I keep facing clients who keep not really having clear what an upsell is. Upsell is not getting money from the client. Upsell is to add value. Increase loyalty. To make sure that the guest leaves more satisfied having paid more money. That is the perfect upsell.
An upsell is, according to the dictionary, “to persuade a client to purchase something additional or more expensive”.
Why? Purely to obtain more revenue per client, some say. However, if that is the only reason, that’s a very short-sighted view of the upsell, and that’s the usual standard upsell: “if I offer something extra to every client that comes by my shop/restaurant/bar/hotel, a fair number of them will say yes”. The question here is: will all those clients appreciate the offer? Probably not. Some might feel upset. Or intimidated. Or might end up saying yes due to lack of assertiveness, pure peer pressure. And that client might feel upset with himself, as if he was cheated to. And that will probably mean that client will not return to that place. And in some cases, he will even criticize it online.

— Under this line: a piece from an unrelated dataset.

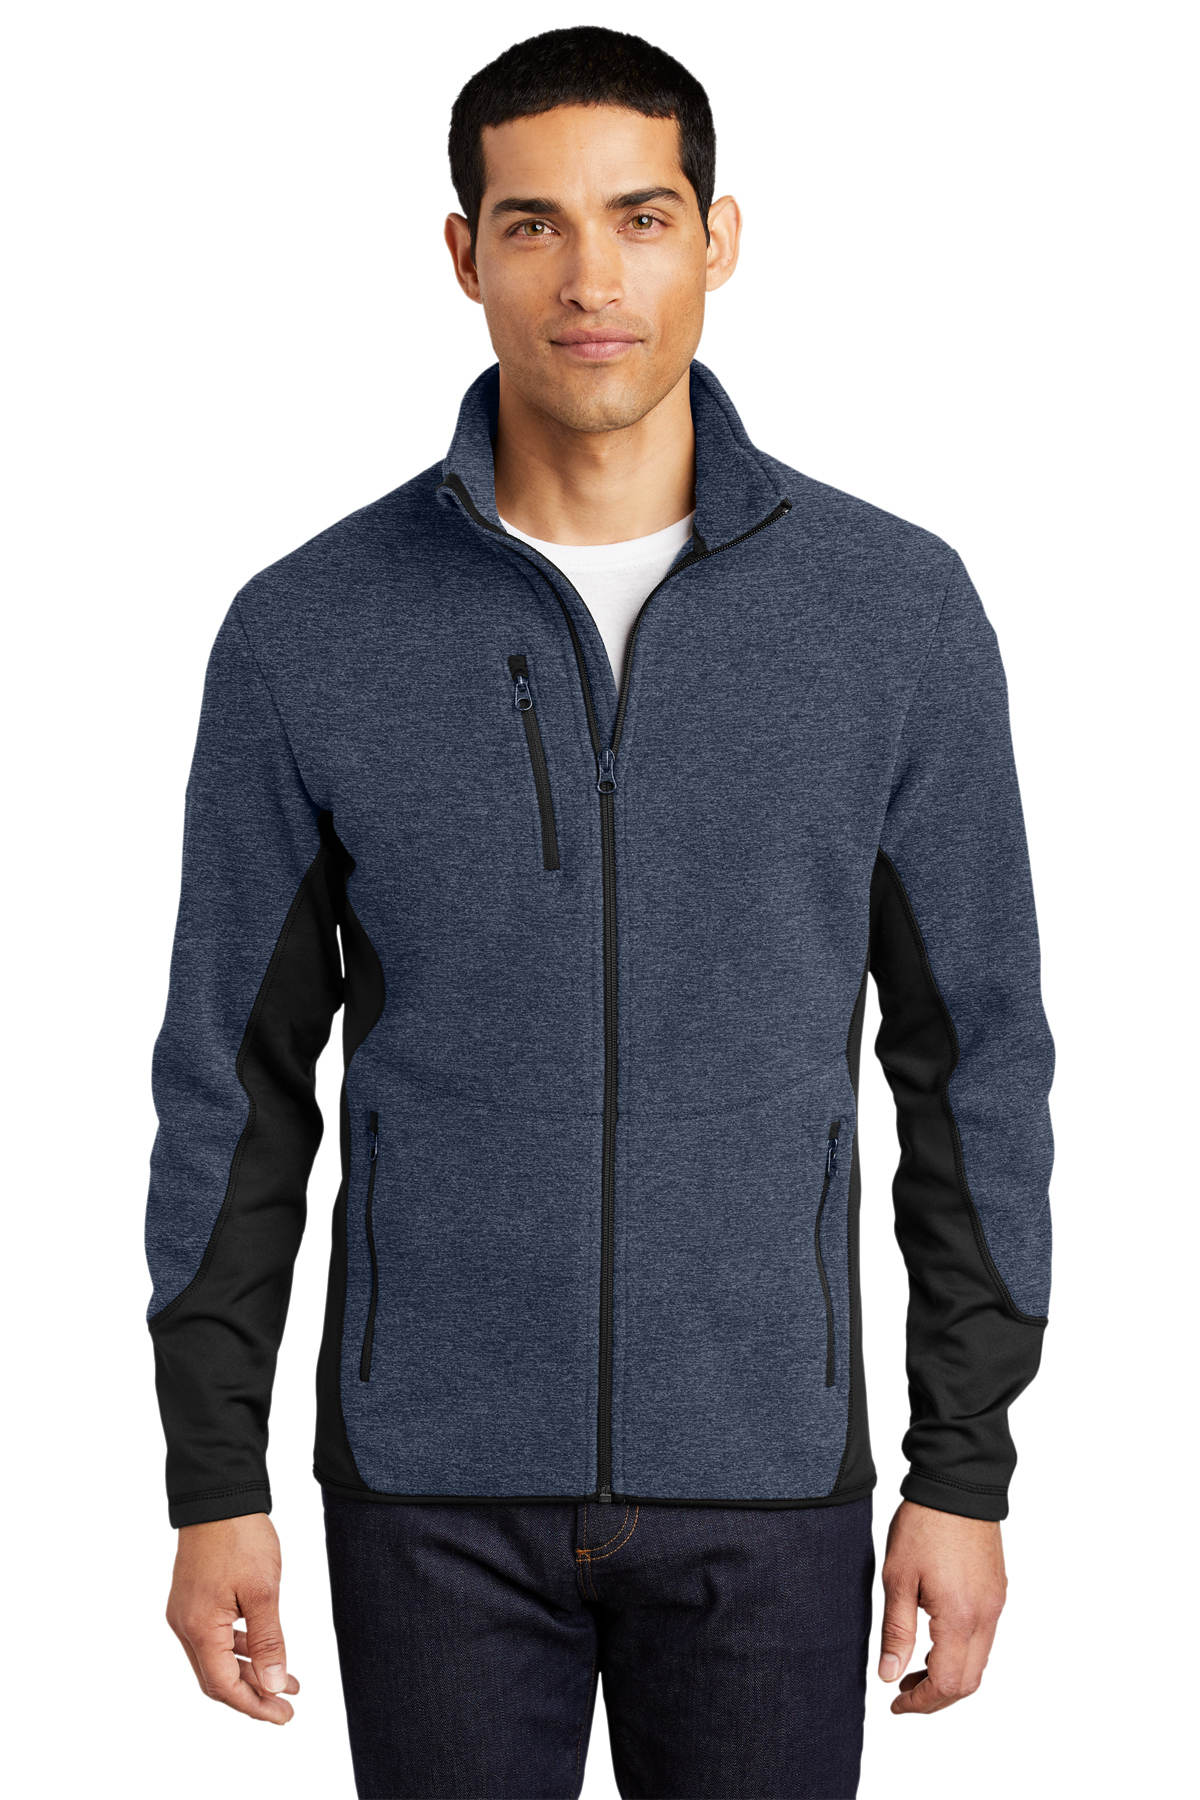 Port Authority R-Tek Pro Fleece Full-Zip Jacket | Product | SanMar

And all because of that upsell, an standard upsell that was adding no value to the client.
Upsell, why not?
This standard upsell I’m talking about is the one usually done in shops: The usual buy-3-pay-2 is an standard upsell. You had in mind purchasing a product, and spending, say, 10$. But in the shop they offer you 3×2. And you thing “That’s good, a free one. Why not?”. And you buy it. And the shop manager thinks “this person was going to spend 10$ and has ended up spending 20$”. It’s a win-win situation. That’s a better upsell.
As soon as you place on the customer mind the question “why not?”, and the customer feels that there is added value in that option, it’s an almost done deal. And that’s the key for an upsell well done, that everyone involved get something positive out of it.

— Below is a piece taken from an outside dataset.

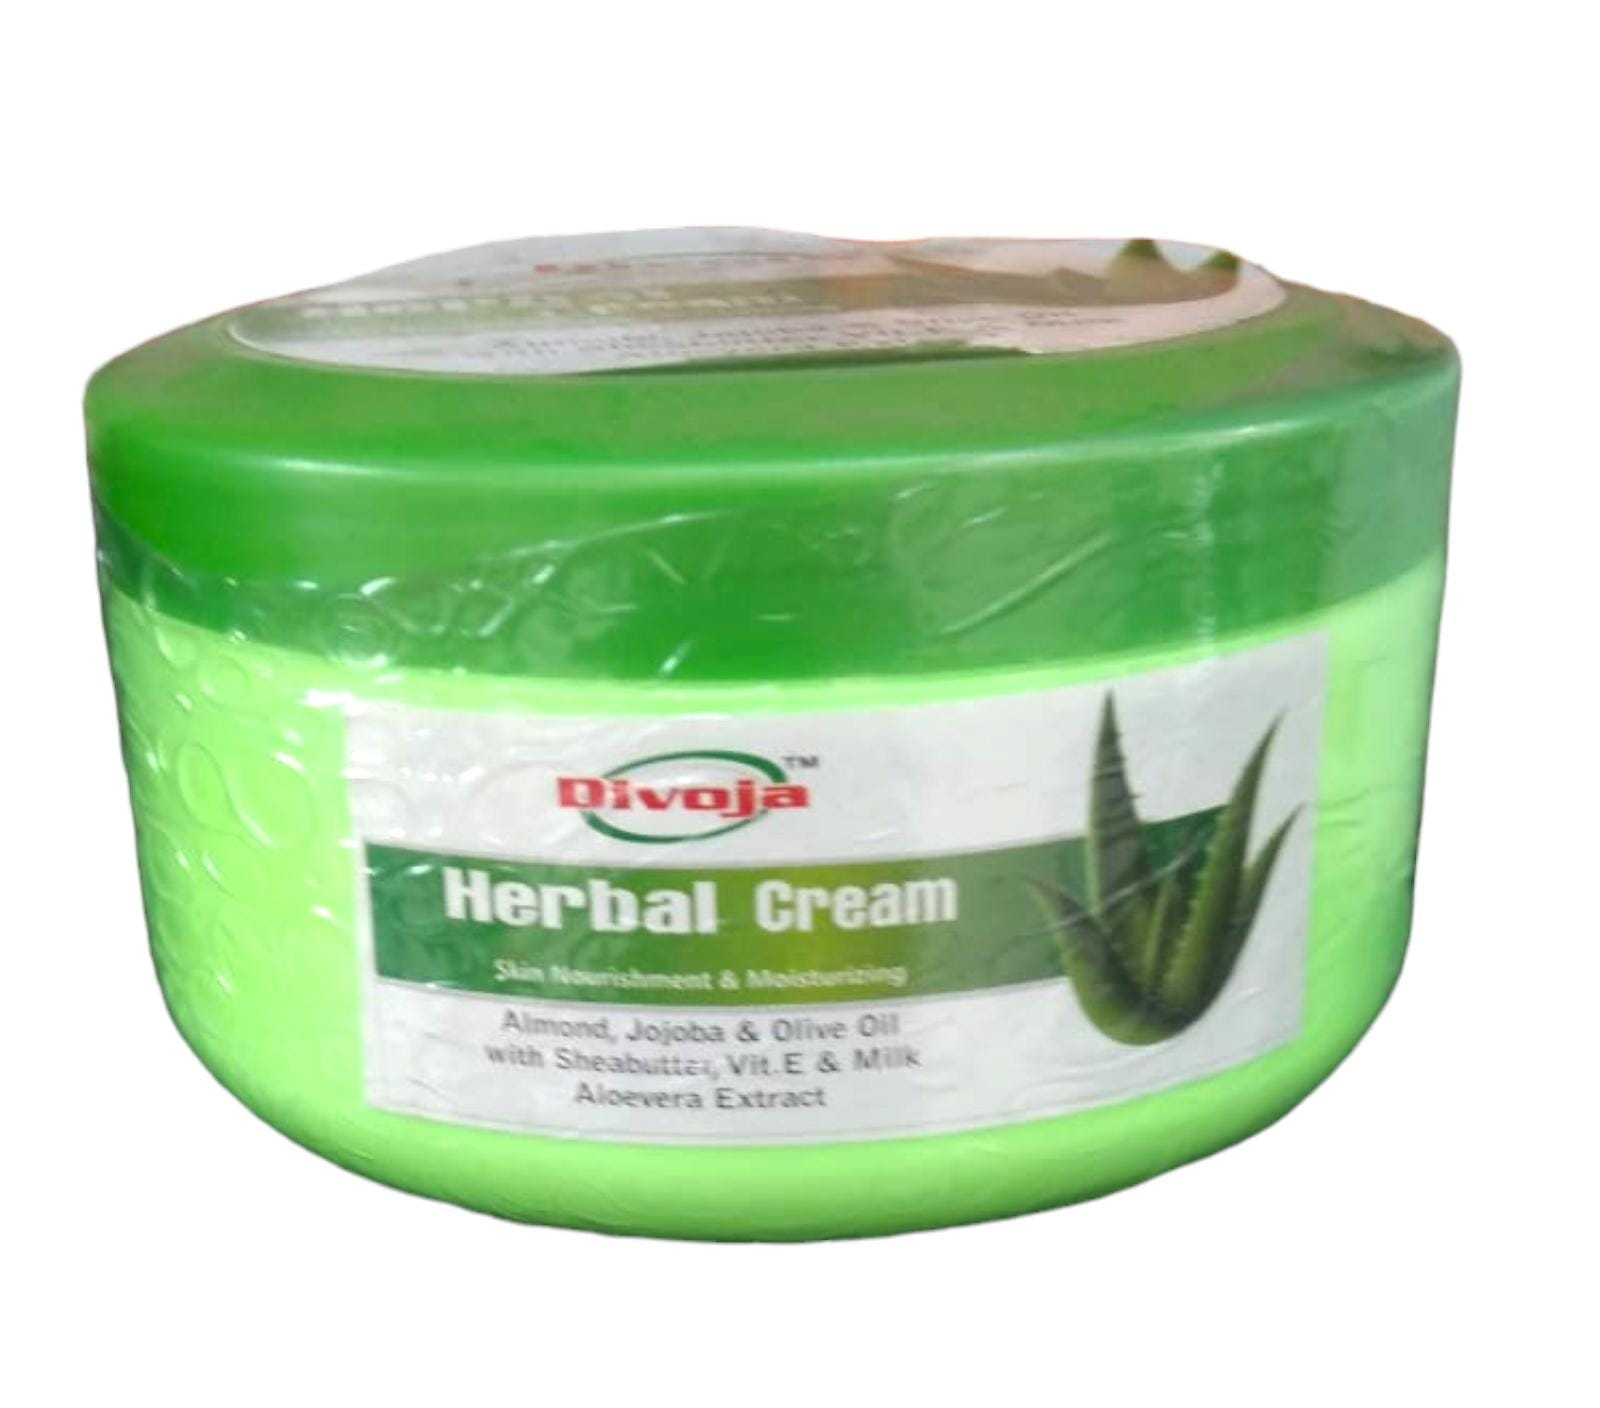 Herbal Cream

There are endless examples:
- The burger menu, that costs just an extra $2 more than the burger alone, but includes fries and a drink.
- The internet deal you have at home, that for a little bit extra, includes the “Sports + TV deal” with it.
And the thought that comes to mind is a recurring one:
-As it’s a one-off…
-Since it’s a good value for money opportunity….
-As it’s a special occasion…
There is a different way of doing upsells, and that’s the personalized upsell. In this case, it will only be offered to a few clients, not all. Because you need to qualify them. And to be able to do that, you need to know your customer, interact with her. Know her needs. And that’s why it’s so important that the client-facing staff is well trained. That they are extroverts. They love to deal with people, to talk. And depending on the location, area or type of business, hopefully they can speak languages too. Because only that way you’ll be able to know if the guest has booked (if it’s a Hotel) or ordered (if it’s a bar or restaurant) whatever fits her needs best.
But if they ordered that, is because they want it (?)
And that’s another big mistake. Assume that all customers order knowing all the info needed. How many times do we order a wine just because the region rings a bell, but not really knowing much about the grape, or the other way around? How many clothing brands do we not know, and we just pass by in front of that department store, or window on the street, just out of ignorance?
How many tastes are unknown to us, and we let delicious flavours escape in restaurants because we just don’t have a clue? And how many guests leave a hotel without ever knowing about that special package at the SPA, or that available room with an amazing sea view?
Maybe if that shop assistant, waiter or receptionist would have inform us, we would have asked ourselves the question mentioned earlier….and why not?
That is why is so important for that person working facing customers to feel at ease with them. That they are not “scared” or concerned to ask open questions, to know the needs and preferences of those customers and, based on that, recommend whatever fits those preferences.
Because only if I know what moves that guest or customer, what made them visit our outlet if it’s the first time they visit; only then will I be able to recommend or suggest something that I’m certain fits their preferences. And knowing also that, if the clients accept the proposed option, they’ll be delighted. Because I’m enhancing their experience. And, as I was saying before, adding value is the key.
And that will make the guest leave more satisfied, which is the ultimate goal of every business. And that might end up helping them return. Or recommend us. Or both. At that point, I’ll have managed to find the cornerstone of the business: guests leaving the premises more satisfied after having spent more money. And that is the perfect upsell.